Klamath Basin water wars changed engagement rules

Few articles generate responses like the one about the Klamath water crisis in a recent Western Farm Press edition. Bob Gasser's emotional account of what happened when the federal government cut off water supplies to Klamath Basin farmers two years ago generated requests for posting on other Web sites. It also brought several e-mails offering widely different and emotional viewpoints.

The story was about how farmers say they were betrayed by their government when irrigation water was abruptly cut off at the beginning of the irrigation season, ostensibly to save “endangered” fish; where federal marshals had to guard head gates against the actions of irate farm families; where public protest became the unlikely but desperate tool for typically quiet farmers to create public awareness; where Indians were pitted against non-Indians. It was such an emotional and heated action that Gasser said in hindsight it was fortunate no one was seriously hurt or killed.

It has evolved into one of the most emotion-charged water issues in the long running Western water war saga.

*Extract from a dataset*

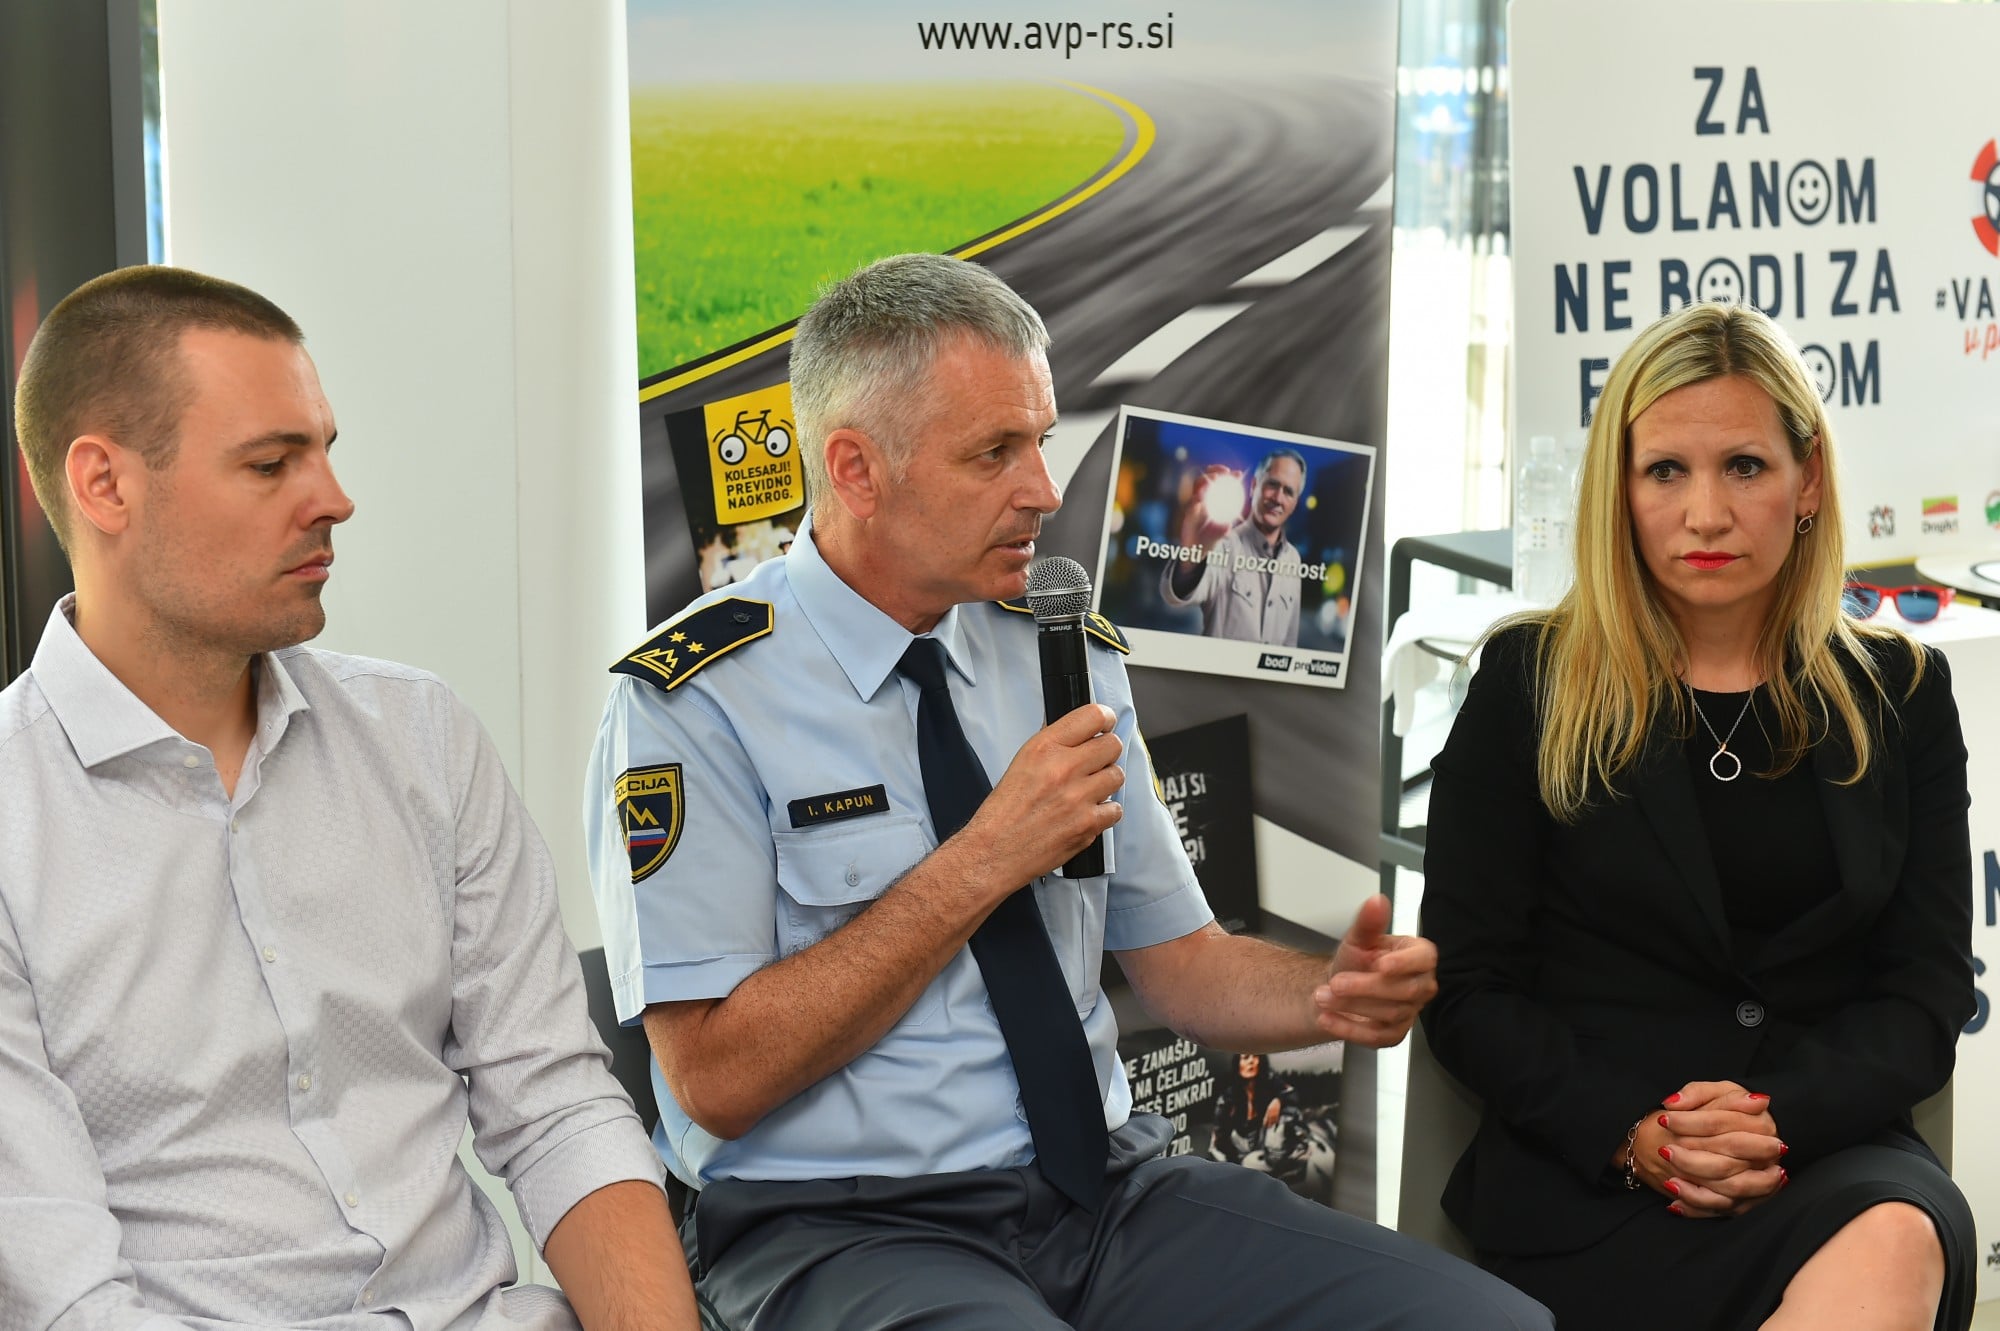 Foto 2 – (od leve proti desni): Tine Lugarič – Luna \TBWA, mag. Ivan Kapun - Policija, Vesna Marinko, mag. upr. ved, v. d. direktorice Agencije za varnost prometa.

The water is back on in Klamath. However, the crisis has not passed for farmers along the Oregon/California border. Rural life will never be the same in the Klamath Basin. When farmers, townspeople and the agribusiness community slammed down the gauntlet against the federal government, it signaled a new, more highly charged era in the water wars and for the Endangered Species Act.

Klamath was the first volley. The second has been fired at the other end of California in Imperial County, where residents of what the mass media is fond of identifying as the “poorest county in California” has had the audacity to tell the rich folks in Southern California that they are not going to give up their water without a fight — or at least some serious cash and concrete promises that Imperial Valley will not become another Owens Valley.

Farmers in the Palo Verde Valley in nearby Riverside County have said the same thing.

Residents of Imperial and Palo Verde valleys have made it clear they are not willing to sacrifice their futures for thirsty Southern California urban dwellers.

The Klamath crisis may have given Imperial and Palo Verde and others the encouragement to dig in their heels. For certain, what happened in Klamath has sent cold chills down the spines of many farmers who have come to fully realize that what happened in Klamath can happen anywhere at any time with no notice.

There are at least a dozen water/Endangered Species Act/wildlife habit issues on the table in California. Each directly affects farmers and ranchers.

Typically, these issues drag on for years; are subject to many lawsuits and endless hours of meetings to try to reach settlements.

The Klamath water crisis added a most unsettling element to that scenario: The government can also act precipitously to cut off irrigation water to any farmer or region any time it wants.

Klamath farmers knew that was a possibility, but it seemed so unrealistic that they never expected the government to really cut off their water.

Their government did, and it forever changed the rules of the water game in the West.